Book The First Amendment

Download or read book The First Amendment written by William Cohen and published by . This book was released on 2003 with total page 648 pages. Available in PDF, EPUB and Kindle. Book excerpt: This law school casebook examines the contours of the freedoms of expression and religion under the United States Constitution. It features original notes, questions, and expertly edited cases to help stimulate class discussion.

Book HATE

    Book Details:
  • Author : Nadine Strossen
  • Publisher : Oxford University Press
  • Release : 2018-04-02
  • ISBN : 019085913X
  • Pages : 233 pages

Download or read book HATE written by Nadine Strossen and published by Oxford University Press. This book was released on 2018-04-02 with total page 233 pages. Available in PDF, EPUB and Kindle. Book excerpt: The updated paperback edition of HATE dispels misunderstandings plaguing our perennial debates about "hate speech vs. free speech," showing that the First Amendment approach promotes free speech and democracy, equality, and societal harmony. As "hate speech" has no generally accepted definition, we hear many incorrect assumptions that it is either absolutely unprotected or absolutely protected from censorship. Rather, U.S. law allows government to punish hateful or discriminatory speech in specific contexts when it directly causes imminent serious harm. Yet, government may not punish such speech solely because its message is disfavored, disturbing, or vaguely feared to possibly contribute to some future harm. "Hate speech" censorship proponents stress the potential harms such speech might further: discrimination, violence, and psychic injuries. However, there has been little analysis of whether censorship effectively counters the feared injuries.

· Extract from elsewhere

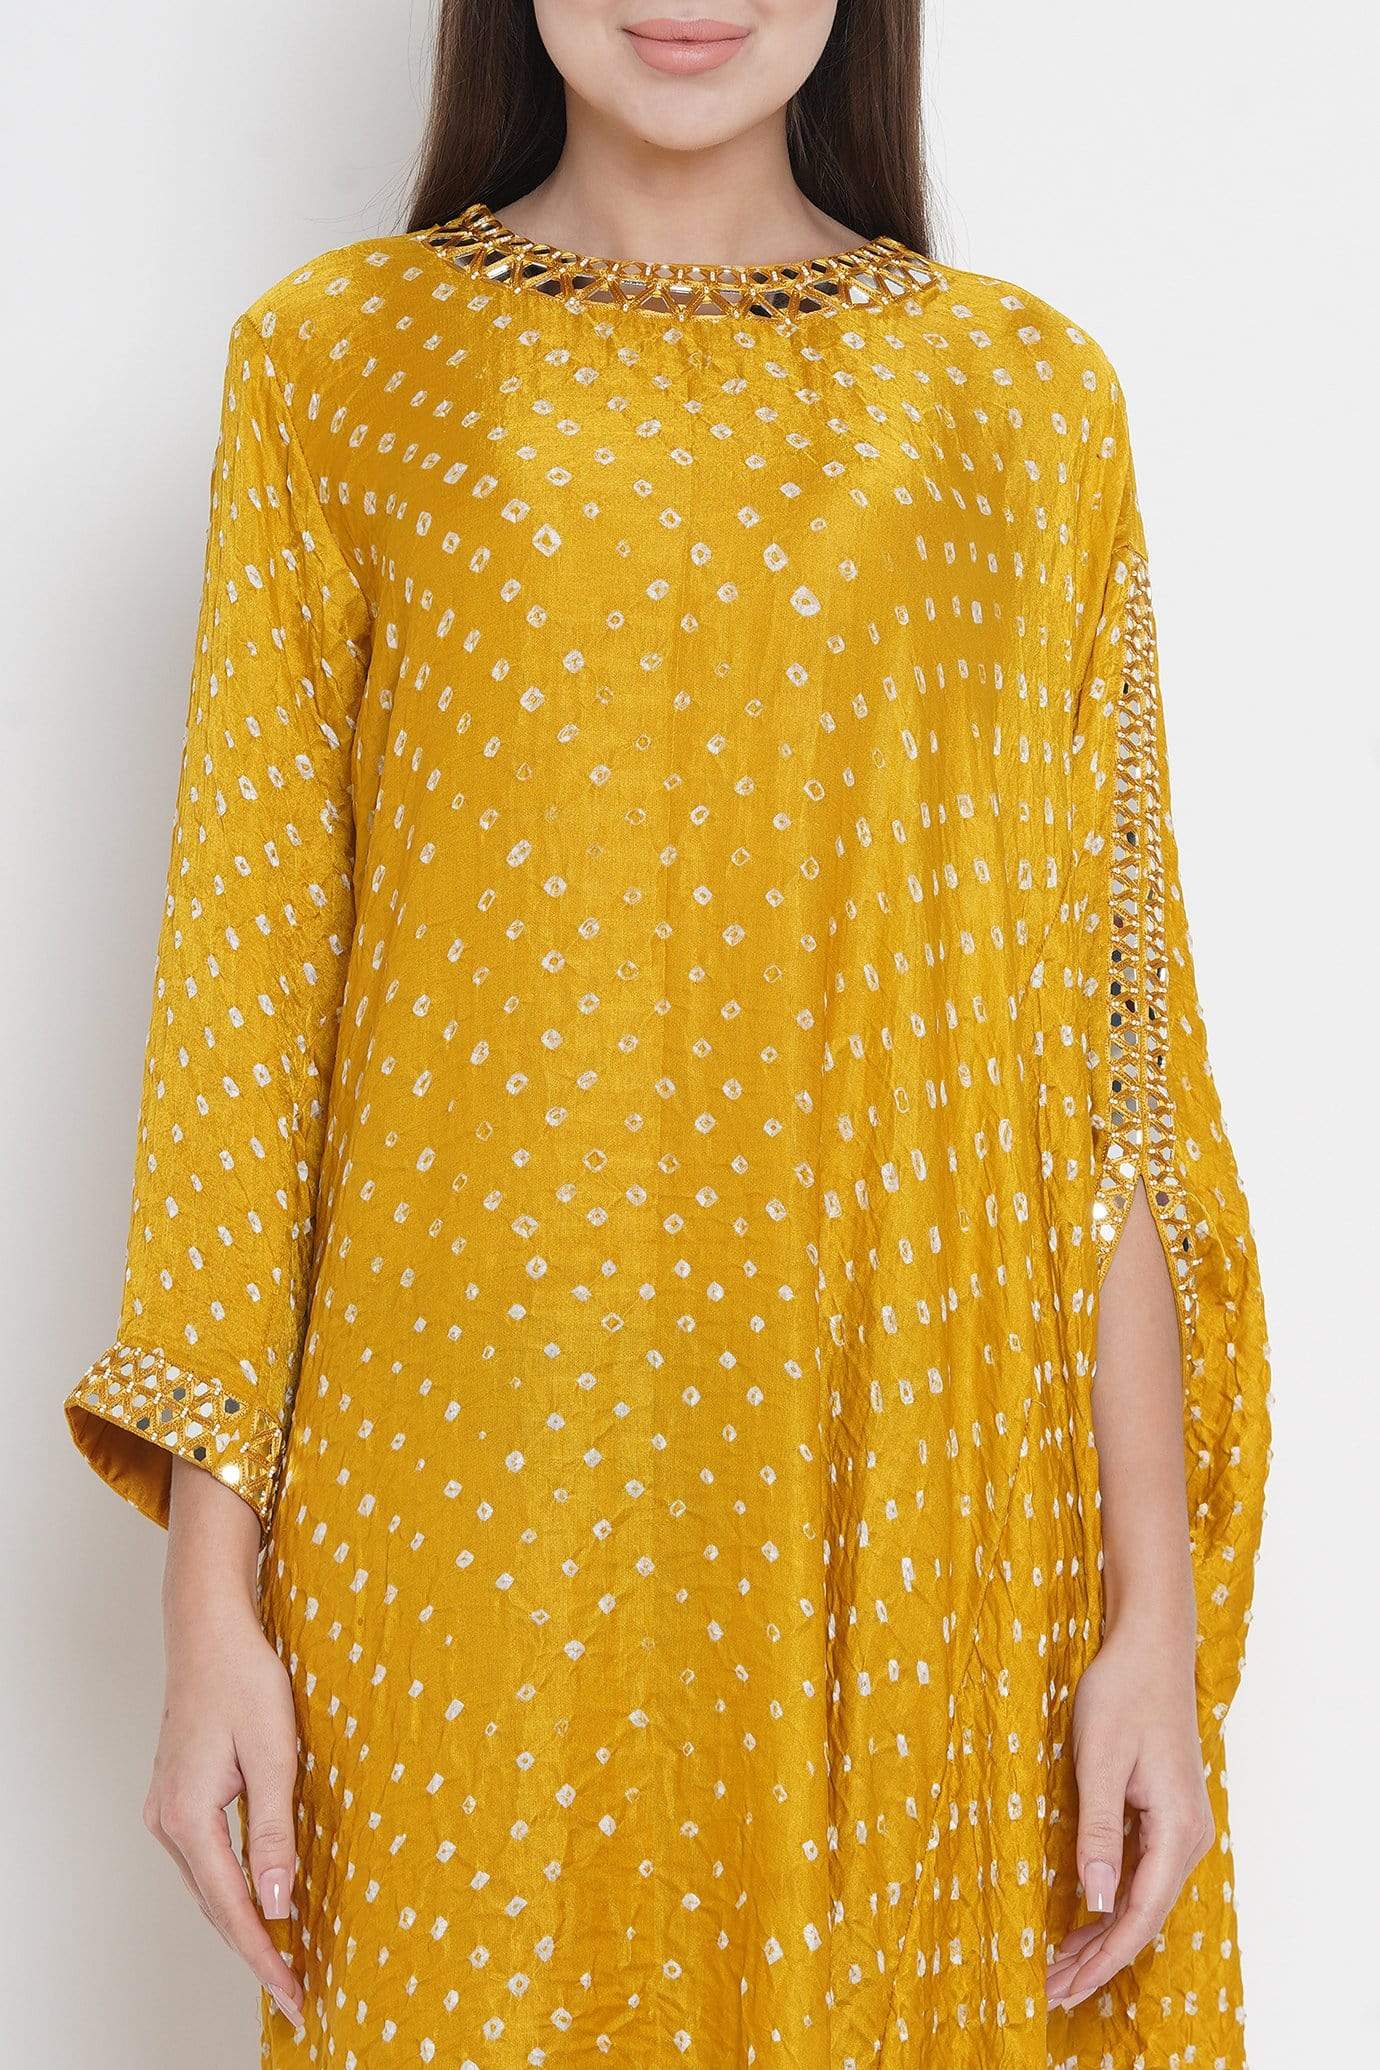 Yellow Silk Bandhani Dress
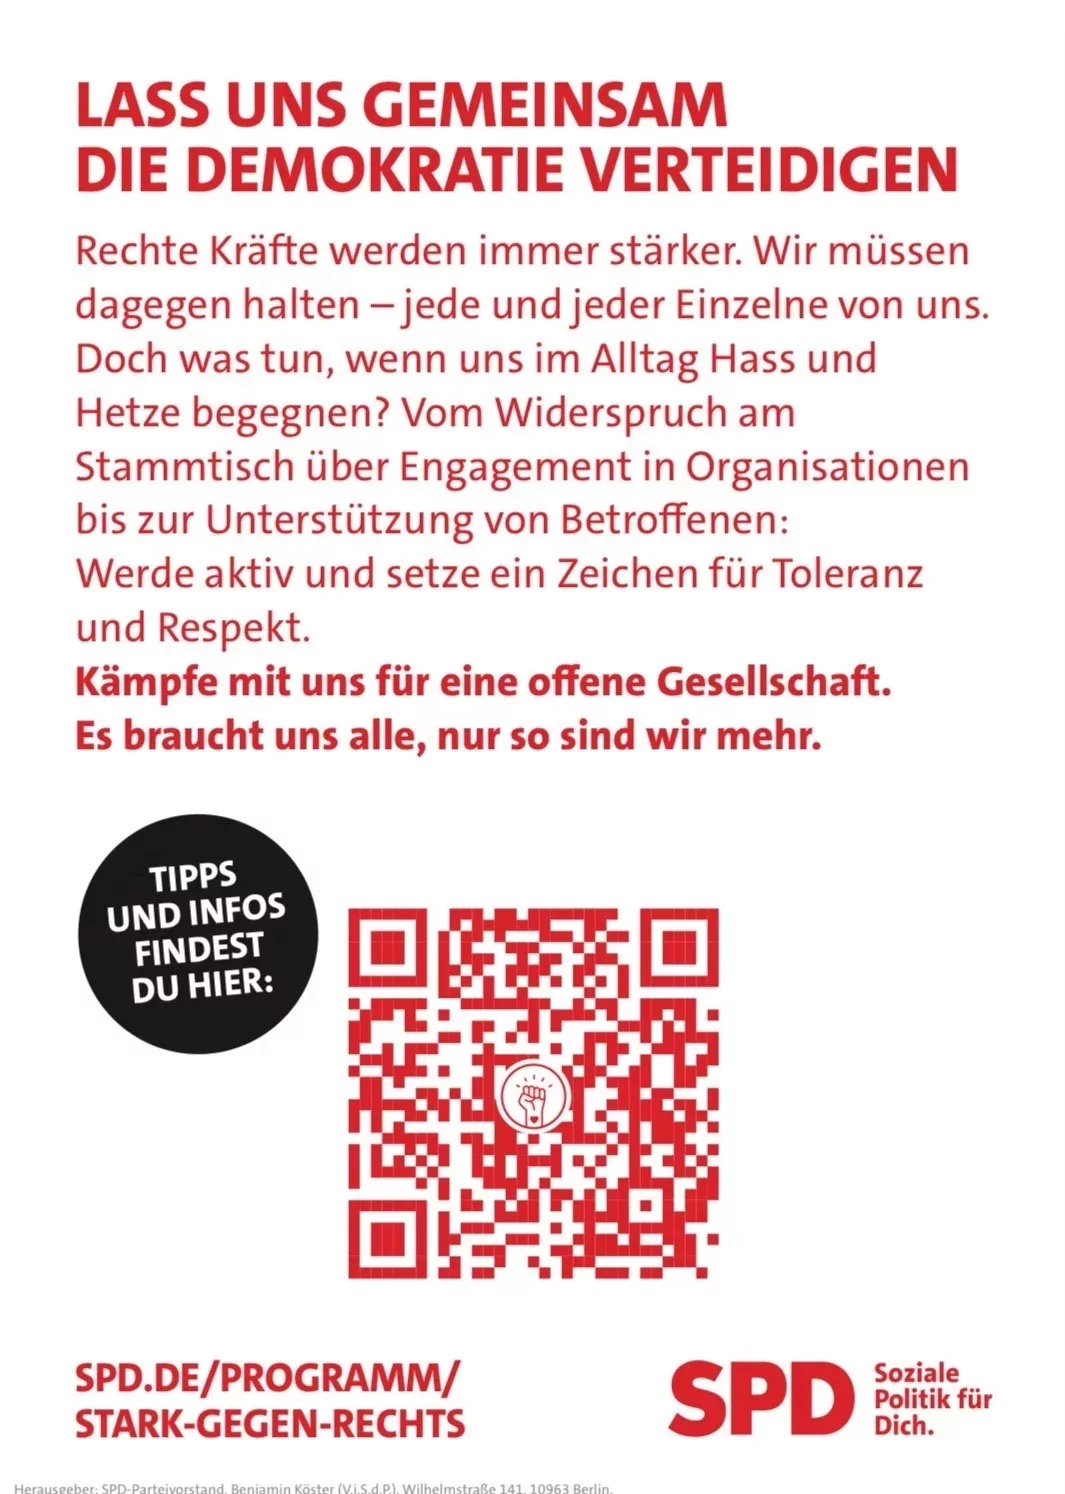 Rückseite der Postkarte mit SPD Kontaktangaben.

Citing evidence from many countries, this book shows that "hate speech" are at best ineffective and at worst counterproductive. Therefore, prominent social justice advocates worldwide maintain that the best way to resist hate and promote equality is not censorship, but rather, vigorous "counterspeech" and activism.

Book The Fight to Vote

    Book Details:
  • Author : Michael Waldman
  • Publisher : Simon and Schuster
  • Release : 2022-01-18
  • ISBN : 1982198931
  • Pages : 448 pages

Download or read book The Fight to Vote written by Michael Waldman and published by Simon and Schuster. This book was released on 2022-01-18 with total page 448 pages. Available in PDF, EPUB and Kindle. Book excerpt: On cover, the word "right" has an x drawn over the letter "r" with the letter "f" above it.